The objectives of a financial plan are categorized into five groups. The first group consists of the items required for survival. Shelter, food, clothing are all basic needs that must be met. Other financial objectives are for emergency funds and savings. Then you have discretionary objectives. Insurance to protect your assets and health. Then there is estate planning, minimizing tax liabilities and providing for your heirs.
After you set your financial plan objectives you have to lie out a plan to carry them out. First you need to analyze your current situation. What are the things currently keeping you from attaining your goals? Then you can develop solutions to fix these obstacles. As you carry out you financial plan to meet your objectives you need to monitor your progress.
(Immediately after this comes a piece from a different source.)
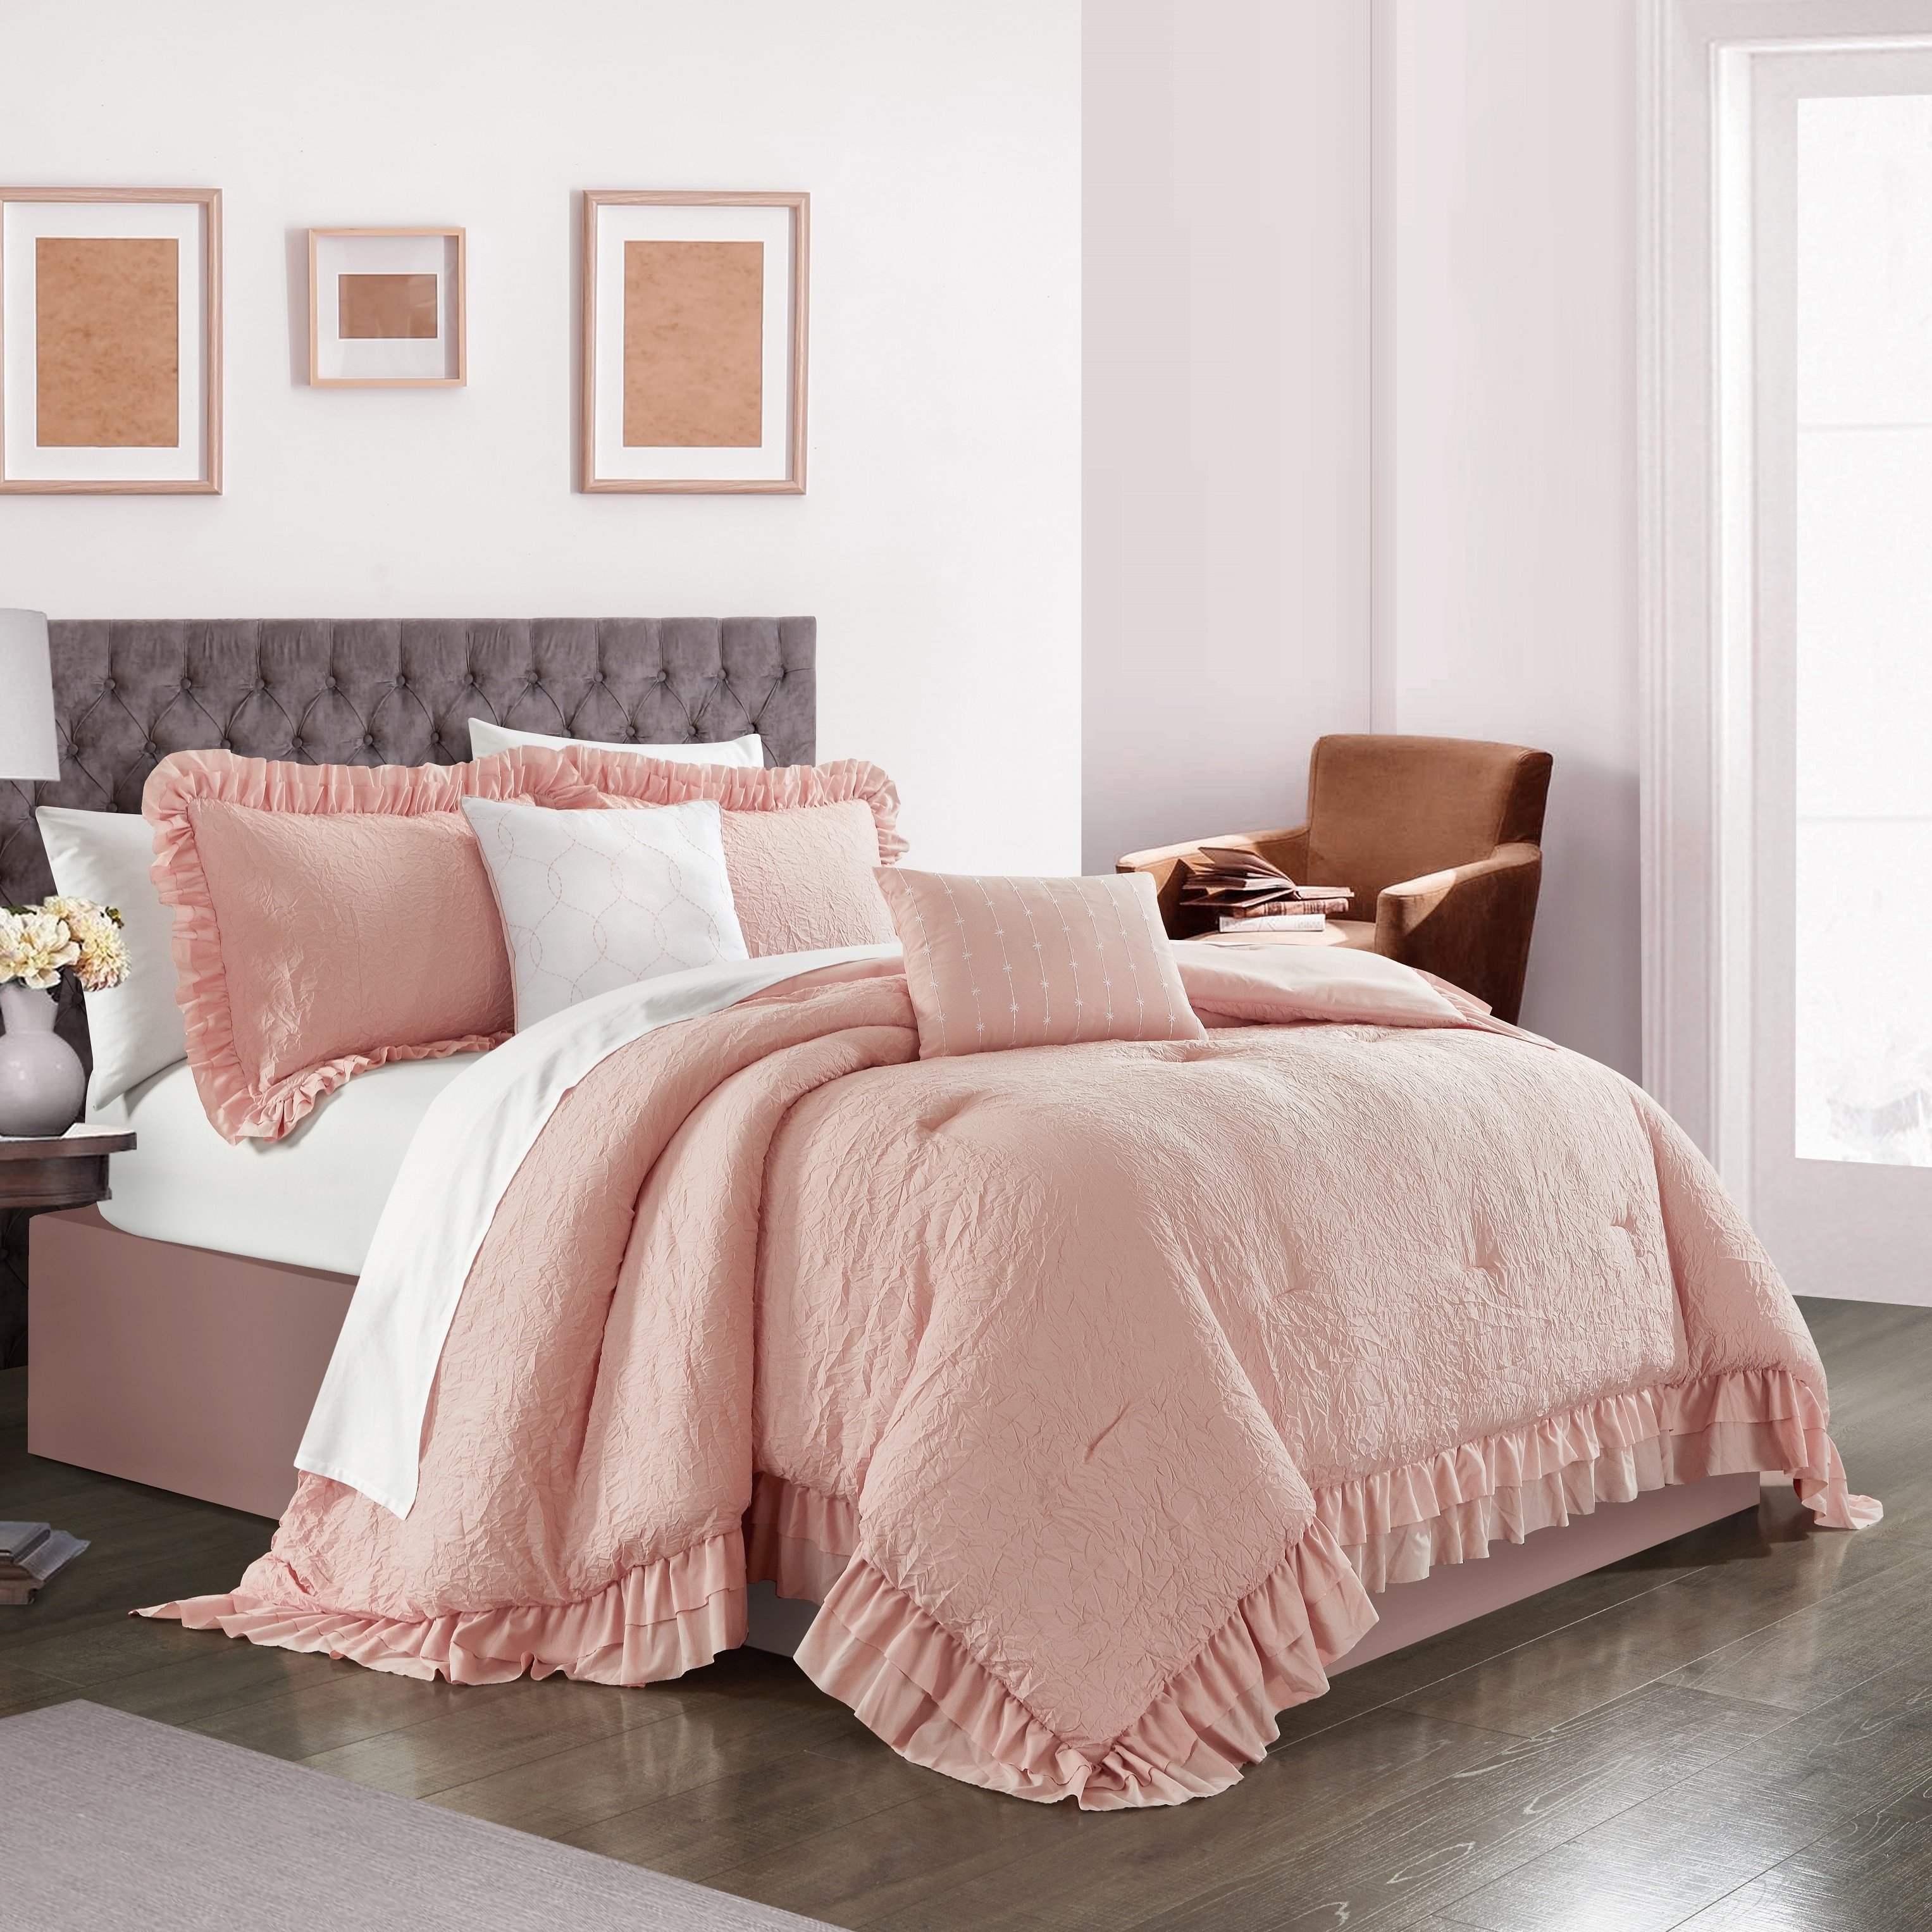 5 piece Kensley Comforter Set Washed Crinkle Ruffled Flange Border Design Bedding - Blush, Queen

Over time you may need to adjust your objectives and plans as your situation and need change. Your life is not static and your financial plan should not be static either.
The budget is another necessary step in the financial planning process. You develop the budget by looking at your objectives and finding the ways to implement your plan. In the budget you have to identify your spending habits, establish goals, track spending and evaluate if you are keeping to your budget. Small expenses can add up over time. If you can reduce as many large expenses as you can. Reducing your tax liability is another way that you can save money. Lastly do not forget about inflation and how it will affect your savings.
Remember to pull out your financial plan from time to time and make necessary revisions. This is an important step not to forget to do. If you do not monitor your progress you will not know that you are staying on course. Sometimes situations and changes in your life will require you to make adjustments to your financial plan. When you keep an up to date financial plan you will be able to face any financial challenge you are met with.